Detailed Description of the Invention

[0001]

TECHNICAL FIELD The present invention relates to a monoclonal antibody that binds to α-catenin, a hybridoma producing the monoclonal antibody, and an immunochemical assay reagent containing the monoclonal antibody, which is used in the field of medicine.

[0002]

2. Description of the Related Art Recently, much attention has been paid to the importance of cell adhesion molecules and their functions involved in cell-cell or cell-extracellular matrix interactions. Adhesion molecules are classified into cadherin family, immunoglobulin family, integrin family, selectin family, etc. due to their structural similarity, and through adhesion, cell development, differentiation, inflammation, regulation of life phenomena such as cancer metastasis, etc.
It is closely related to maintenance.

Cadherin, one of the adhesion molecules, is a transmembrane cell adhesion molecule that functions depending on calcium. Since it is specifically expressed in the fetal period, it is considered to be an important molecule for morphogenesis. To date, four types of E-type (epithelial tissue), N-type (nerve tissue), P-type (placenta), and L-CAM Is being analyzed (Takeichi, M. Science, 251,
1451-1455, 1991). Immunohistochemistry using anti-cadherin antibodies has shown from the early days that cadherin molecules are concentrated in an intercellular adhesion device called an adherence junction (hereinafter abbreviated as AJ). In addition, due to recent advances in genetic engineering, cadherin cDNA has been isolated, its primary structure has been clarified, and it has become possible to elucidate the mechanism of adhesion at the molecular level (Nagafu
chi, A. et al., Nature, 329, 341-348, 1987). Immunoprecipitation experiments using an antibody against E-cadherin have long been known to bind to this molecule three proteins with molecular weights of 102 kd, 88 kd and 80 kd (Peyr
ieras, N. et al., Proc. Natl. Acad. Sci. USA, 82,
8067-8071,1985), in order from the largest molecular weight α,
It is called β and γ catenin (Ozawa, et al., EMBO
J., 8, 1711-1717, 1990).

Although the molecular construction of the cadherin-catenin complex has been meticulously analyzed, since the studies so far have been conducted on the solubilized cadherin molecule, the cadherin molecule actually functioning. Little information is available on the relationship between and catenin, and how these complexes play a role in cadherin function.

The present inventors established a method for isolating an AJ fraction from rat liver and reported that the isolated AJ had a large concentration of a cadherin-binding protein (CAP 102) having a molecular weight of 102 kd. Furthermore, we succeeded in purifying this protein, determining its partial amino acid sequence, preparing a polyclonal antibody, and then isolating mouse CAP 102 cDNA. This molecule has homology with vinculin and is actually functional with cadherin. It was suggested for the first time that they are bound (Na
gafuchi, A. et al., Cell, 65, 849-857, 1991). After that, the isolation of α-catenin cDNA was reported, and it was revealed that it was the same molecule as CAP 102 (Herrenknecht,
K. et al., Proc. Natl. Acad. Sci. USA, 88, 9156-916
0, 1991). However, the structure of human α-catenin is still unknown.

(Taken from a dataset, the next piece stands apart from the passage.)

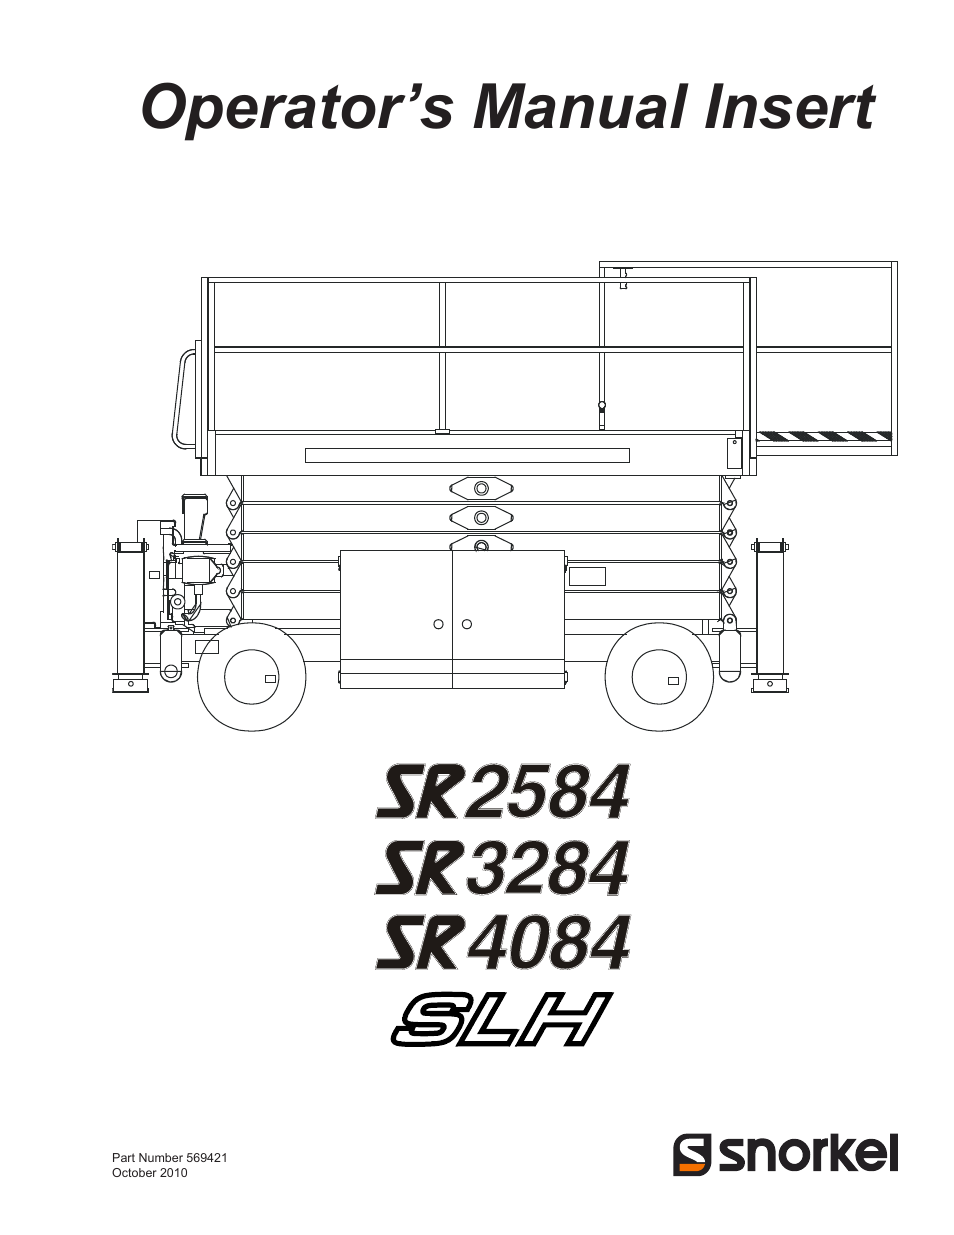 SR4084
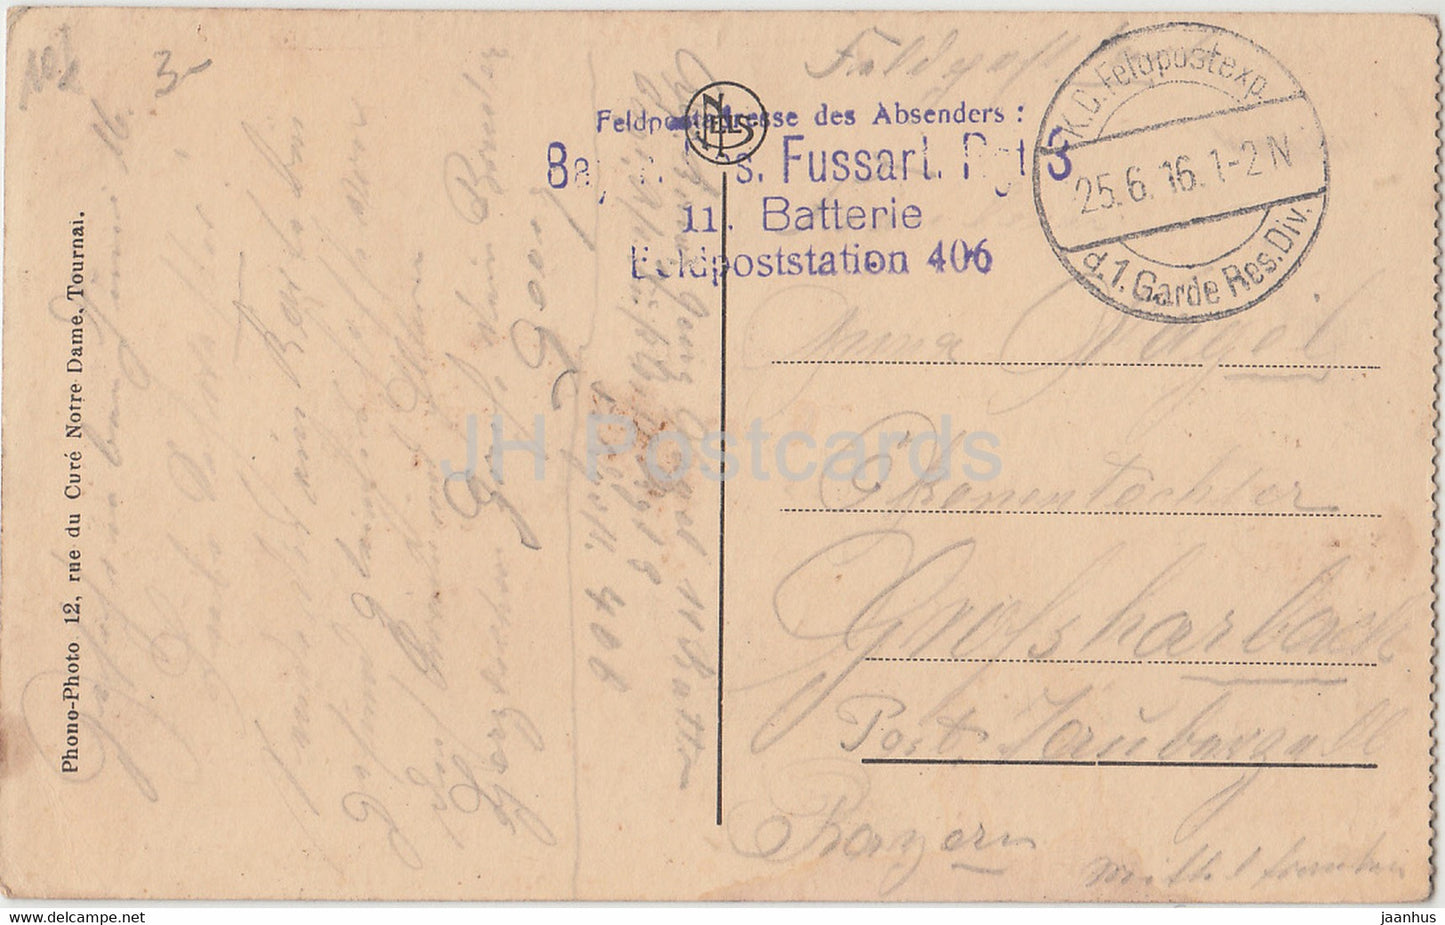 Douai - Hotel de Ville  - Salle Gothique - Bayr. Res.-Fussart.-Rgt. Feldpost - old postcard - 1916 - France - used

Vinculin is a protein localized in the adhesion device between cells and between cell substrates, and has been vigorously studied so far. Since the primary structure of α-catenin has homology with vinculin, it has been speculated that the function of the α-catenin molecular region and the possibility of interaction with other AJ constituent factors are various. However, the factors that α-catenin interacts with, the region required for interaction with cadherin, the regulatory mechanism of cadherin-mediated cell adhesion, the mechanism of α-catenin induction, and the role that it plays in vivo are still poorly understood. Not, and the analysis is awaited.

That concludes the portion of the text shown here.